[Start of Attachment]

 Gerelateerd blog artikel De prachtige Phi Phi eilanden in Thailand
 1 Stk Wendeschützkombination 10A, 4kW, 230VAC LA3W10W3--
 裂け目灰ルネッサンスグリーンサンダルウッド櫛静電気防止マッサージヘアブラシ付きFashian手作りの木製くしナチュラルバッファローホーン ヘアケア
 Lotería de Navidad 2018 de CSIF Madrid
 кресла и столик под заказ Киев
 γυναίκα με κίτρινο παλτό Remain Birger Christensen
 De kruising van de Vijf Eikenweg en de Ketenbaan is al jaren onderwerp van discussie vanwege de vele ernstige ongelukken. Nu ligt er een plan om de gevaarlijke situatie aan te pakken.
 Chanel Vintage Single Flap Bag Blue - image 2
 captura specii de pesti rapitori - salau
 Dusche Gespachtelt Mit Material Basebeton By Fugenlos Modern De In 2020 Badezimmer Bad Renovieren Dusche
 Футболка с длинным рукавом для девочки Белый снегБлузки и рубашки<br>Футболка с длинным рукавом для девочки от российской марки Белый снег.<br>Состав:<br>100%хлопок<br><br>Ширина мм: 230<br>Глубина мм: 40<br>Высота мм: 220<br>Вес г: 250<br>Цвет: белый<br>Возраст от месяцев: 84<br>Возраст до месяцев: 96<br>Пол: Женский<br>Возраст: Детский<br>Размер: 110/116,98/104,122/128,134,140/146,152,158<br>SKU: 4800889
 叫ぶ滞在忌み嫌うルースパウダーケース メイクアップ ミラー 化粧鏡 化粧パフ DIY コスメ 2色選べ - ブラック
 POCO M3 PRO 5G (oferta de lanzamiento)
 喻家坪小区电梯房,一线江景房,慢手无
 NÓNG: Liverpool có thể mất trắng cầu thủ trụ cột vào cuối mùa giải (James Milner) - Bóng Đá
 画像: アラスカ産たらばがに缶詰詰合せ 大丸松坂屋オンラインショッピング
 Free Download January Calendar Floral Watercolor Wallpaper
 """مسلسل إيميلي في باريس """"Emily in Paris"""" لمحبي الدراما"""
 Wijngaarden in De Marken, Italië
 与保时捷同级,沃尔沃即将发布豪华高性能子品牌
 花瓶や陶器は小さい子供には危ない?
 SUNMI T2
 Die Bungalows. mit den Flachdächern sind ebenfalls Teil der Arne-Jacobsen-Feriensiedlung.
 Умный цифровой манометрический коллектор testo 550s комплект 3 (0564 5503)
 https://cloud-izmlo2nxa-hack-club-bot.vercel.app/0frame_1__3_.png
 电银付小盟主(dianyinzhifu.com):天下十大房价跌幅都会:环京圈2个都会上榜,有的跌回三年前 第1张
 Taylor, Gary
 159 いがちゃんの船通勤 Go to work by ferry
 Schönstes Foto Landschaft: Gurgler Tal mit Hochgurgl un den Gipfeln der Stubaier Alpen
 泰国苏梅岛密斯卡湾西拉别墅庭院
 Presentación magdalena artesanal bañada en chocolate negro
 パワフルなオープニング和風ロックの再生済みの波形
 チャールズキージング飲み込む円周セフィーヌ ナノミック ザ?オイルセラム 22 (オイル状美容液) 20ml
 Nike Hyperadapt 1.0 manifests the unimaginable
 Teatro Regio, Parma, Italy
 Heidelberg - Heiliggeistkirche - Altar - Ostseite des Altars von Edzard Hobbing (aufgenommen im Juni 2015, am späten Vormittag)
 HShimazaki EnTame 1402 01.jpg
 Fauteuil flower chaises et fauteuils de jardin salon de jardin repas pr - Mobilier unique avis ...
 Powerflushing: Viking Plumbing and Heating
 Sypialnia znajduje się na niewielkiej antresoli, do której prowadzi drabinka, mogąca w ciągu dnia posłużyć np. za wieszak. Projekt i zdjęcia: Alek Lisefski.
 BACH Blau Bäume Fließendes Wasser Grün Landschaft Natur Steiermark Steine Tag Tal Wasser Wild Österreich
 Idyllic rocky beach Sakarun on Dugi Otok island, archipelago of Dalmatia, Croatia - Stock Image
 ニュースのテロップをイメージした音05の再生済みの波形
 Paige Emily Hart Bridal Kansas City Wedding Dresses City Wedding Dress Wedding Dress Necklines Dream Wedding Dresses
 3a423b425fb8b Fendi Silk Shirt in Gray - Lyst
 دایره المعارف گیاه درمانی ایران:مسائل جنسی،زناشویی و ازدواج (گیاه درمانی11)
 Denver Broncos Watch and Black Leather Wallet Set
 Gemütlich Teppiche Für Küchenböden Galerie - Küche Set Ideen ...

[End of Attachment]

# Try it:
A precise copy of all the records is needed.

# Result of this exercise:
 Gerelateerd blog artikel De prachtige Phi Phi eilanden in Thailand
 1 Stk Wendeschützkombination 10A, 4kW, 230VAC LA3W10W3--
 裂け目灰ルネッサンスグリーンサンダルウッド櫛静電気防止マッサージヘアブラシ付きFashian手作りの木製くしナチュラルバッファローホーン ヘアケア
 Lotería de Navidad 2018 de CSIF Madrid
 кресла и столик под заказ Киев
 γυναίκα με κίτρινο παλτό Remain Birger Christensen
 De kruising van de Vijf Eikenweg en de Ketenbaan is al jaren onderwerp van discussie vanwege de vele ernstige ongelukken. Nu ligt er een plan om de gevaarlijke situatie aan te pakken.
 Chanel Vintage Single Flap Bag Blue - image 2
 captura specii de pesti rapitori - salau
 Dusche Gespachtelt Mit Material Basebeton By Fugenlos Modern De In 2020 Badezimmer Bad Renovieren Dusche
 Футболка с длинным рукавом для девочки Белый снегБлузки и рубашки<br>Футболка с длинным рукавом для девочки от российской марки Белый снег.<br>Состав:<br>100%хлопок<br><br>Ширина мм: 230<br>Глубина мм: 40<br>Высота мм: 220<br>Вес г: 250<br>Цвет: белый<br>Возраст от месяцев: 84<br>Возраст до месяцев: 96<br>Пол: Женский<br>Возраст: Детский<br>Размер: 110/116,98/104,122/128,134,140/146,152,158<br>SKU: 4800889
 叫ぶ滞在忌み嫌うルースパウダーケース メイクアップ ミラー 化粧鏡 化粧パフ DIY コスメ 2色選べ - ブラック
 POCO M3 PRO 5G (oferta de lanzamiento)
 喻家坪小区电梯房,一线江景房,慢手无
 NÓNG: Liverpool có thể mất trắng cầu thủ trụ cột vào cuối mùa giải (James Milner) - Bóng Đá
 画像: アラスカ産たらばがに缶詰詰合せ 大丸松坂屋オンラインショッピング
 Free Download January Calendar Floral Watercolor Wallpaper
 """مسلسل إيميلي في باريس """"Emily in Paris"""" لمحبي الدراما"""
 Wijngaarden in De Marken, Italië
 与保时捷同级,沃尔沃即将发布豪华高性能子品牌
 花瓶や陶器は小さい子供には危ない?
 SUNMI T2
 Die Bungalows. mit den Flachdächern sind ebenfalls Teil der Arne-Jacobsen-Feriensiedlung.
 Умный цифровой манометрический коллектор testo 550s комплект 3 (0564 5503)
 https://cloud-izmlo2nxa-hack-club-bot.vercel.app/0frame_1__3_.png
 电银付小盟主(dianyinzhifu.com):天下十大房价跌幅都会:环京圈2个都会上榜,有的跌回三年前 第1张
 Taylor, Gary
 159 いがちゃんの船通勤 Go to work by ferry
 Schönstes Foto Landschaft: Gurgler Tal mit Hochgurgl un den Gipfeln der Stubaier Alpen
 泰国苏梅岛密斯卡湾西拉别墅庭院
 Presentación magdalena artesanal bañada en chocolate negro
 パワフルなオープニング和風ロックの再生済みの波形
 チャールズキージング飲み込む円周セフィーヌ ナノミック ザ?オイルセラム 22 (オイル状美容液) 20ml
 Nike Hyperadapt 1.0 manifests the unimaginable
 Teatro Regio, Parma, Italy
 Heidelberg - Heiliggeistkirche - Altar - Ostseite des Altars von Edzard Hobbing (aufgenommen im Juni 2015, am späten Vormittag)
 HShimazaki EnTame 1402 01.jpg
 Fauteuil flower chaises et fauteuils de jardin salon de jardin repas pr - Mobilier unique avis ...
 Powerflushing: Viking Plumbing and Heating
 Sypialnia znajduje się na niewielkiej antresoli, do której prowadzi drabinka, mogąca w ciągu dnia posłużyć np. za wieszak. Projekt i zdjęcia: Alek Lisefski.
 BACH Blau Bäume Fließendes Wasser Grün Landschaft Natur Steiermark Steine Tag Tal Wasser Wild Österreich
 Idyllic rocky beach Sakarun on Dugi Otok island, archipelago of Dalmatia, Croatia - Stock Image
 ニュースのテロップをイメージした音05の再生済みの波形
 Paige Emily Hart Bridal Kansas City Wedding Dresses City Wedding Dress Wedding Dress Necklines Dream Wedding Dresses
 3a423b425fb8b Fendi Silk Shirt in Gray - Lyst
 دایره المعارف گیاه درمانی ایران:مسائل جنسی،زناشویی و ازدواج (گیاه درمانی11)
 Denver Broncos Watch and Black Leather Wallet Set
 Gemütlich Teppiche Für Küchenböden Galerie - Küche Set Ideen ...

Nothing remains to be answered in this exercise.